5 Qualities to Look for in Your Online College Education
Education opens doors. Successfully completing an educational program grants students the knowledge to excel in their chosen career, the tools (the college transcript) to tackle a broad and ambitious job search, and the skills to quickly and efficiently transform into an indestructible professional force. The success or failure to reach the end goal hinges in small part on a potential students ability to locate the right program. Before you begin the long and arduous journey of combing through potential colleges, here are 10 aspects of online undergraduate and masters programs to consider.
Standardized Test Free
Many colleges and universities utilize test scores to determine the ability of students to succeed in a formal educational environment. Undergraduate programs rely on the SAT and ACT. Graduate programs rely mainly on the GRE (Graduate Record Exam) or the GMAT (General Management Admissions Test).
If you freeze up at the idea of relying on your test skills to obtain admission into a program, don’t panic yet. Not all schools require that students have standardized test scores as an admission requirement.
Why? According to Ohio University’s Health Administration program, their “program is tailored for experienced mid-career professionals for whom [they] feel a standardized test is not an appropriate measure of ability.” The take away? Strong candidates can choose to enter a program that relies on alternate admission requirements.
Higher education is not free, but a solid education from a respected institution does not need to lead to ulcer-inducing student loan debt. Pepperdine University’s MBA program costs a grand total of $81,328. On the more manageable end of the spectrum, Ohio University’s MBA degree costs $35,805. The difference in price is in part due to the spectacular reputation Pepperdine’s business school has obtained. While some jobs reimburse or pay for education costs, the majority of people must keep in mind that the higher the student loan, the more time it will take to payoff.
Some colleges offer scholarships that are either merit or need-based. Most schools will list scholarship opportunities on their financial aid or scholarship pages. Individuals should pay close attention to scholarship requirements, and ensure that they submit any material for the scholarship before the due date has passed.
Not all programs are 100% online. Some schools like Pepperdine University require that all enrolled students in the MBA program travel to once a year for a workshop. Wake Forest University’s Master of Counseling requires two to three campus based residencies. University of Cincinnati’s Medical Lab Science program requires that students complete clinical rotations at a predetermined lab.

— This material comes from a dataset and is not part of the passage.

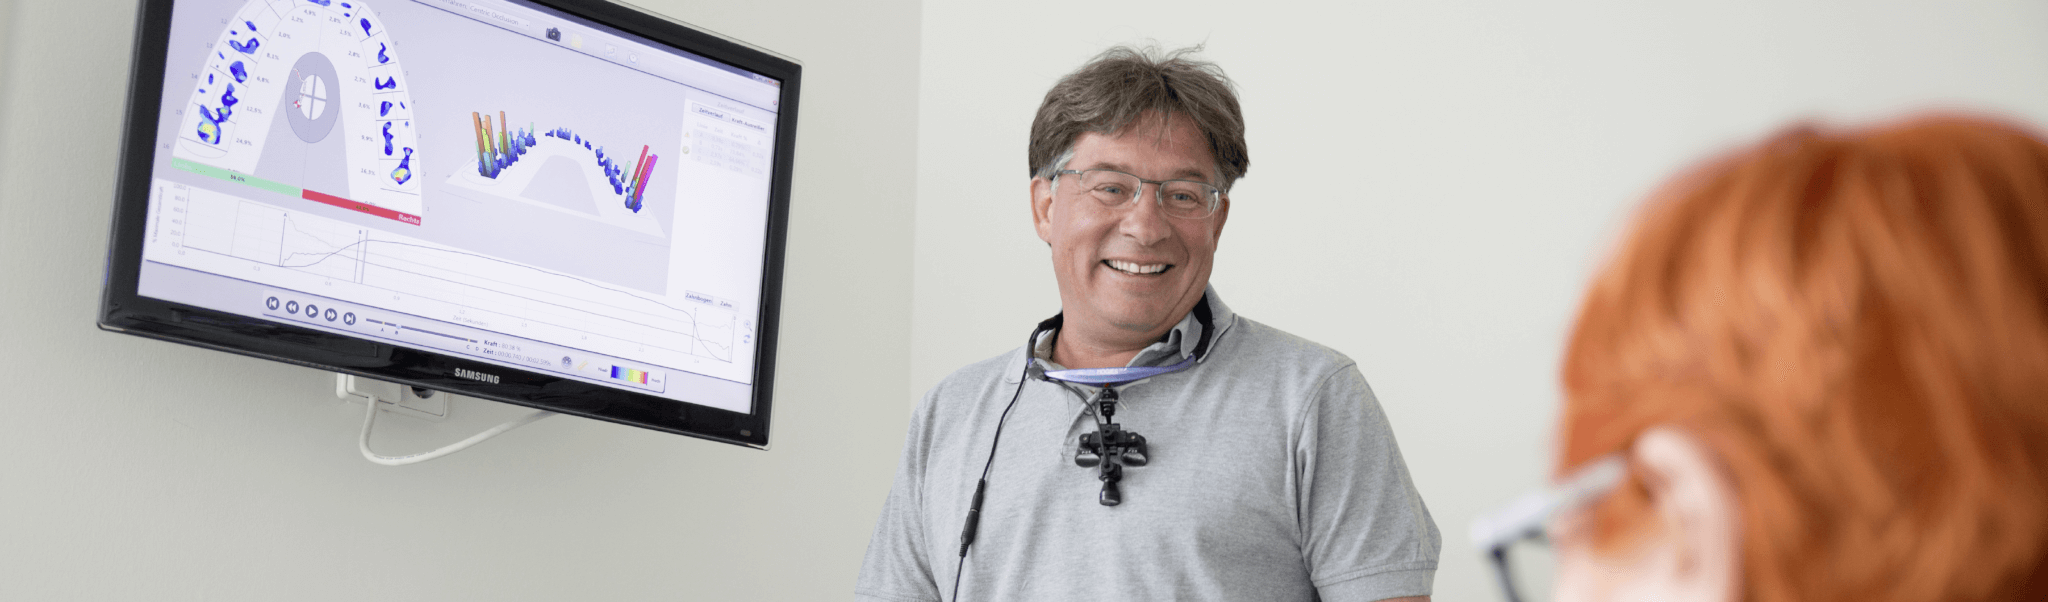 Prophylaxe - Dr. Rentschler lachen mit Patientin im Gespräch, dahinter ein Bildschirm

These off-line requirements are both good and bad. The good - students get face-to-face time with professors, as well as valuable hands-on experience. The bad - students need to spend time and money that they might not have traveling. Before deciding to go 100% online, consider how much hands-on experience you might receive implementing the tactics taught in the online program. If you’re day job will not be a forum to test out these new skills, you might want to check out programs that have on-site workshops either on campus or in a predetermined area near your home.
Moving from one educational program to another while pursuing a degree is often a necessary evil. The biggest hurdle that most students face is the inability to transfer any or all of their current credits. While some programs like Ohio University’s Master of Science in Nursing do transfer credits, others like University of Florida’s MS in Pharmacy degree program will not.
Students should be aware that some programs that do allow transfer credits will not accept credits from all universities. For example, the University of Cincinnati’s Master of Criminal Justice program requires that credits previously earned be from a college that holds the same regional accreditation.
A general policy that allows transfer credits from your particular program will not ensure that all or even a large chunk of the classes successfully taken will still count toward the new program. Most schools have a transfer credit maximum, as well as an “equivalent credit” policy. If the committee who reviews potential transfers does not see enough similarities between the classes taken at the previous university and their own university, the credits will not be granted.
Today professionals are lucky enough to have access to a variety of different online programs from prestigious universities. When choosing a university and degree program, students might want to compare and contrast various admission and degree requirements. What issues have you experienced while searching for the right school?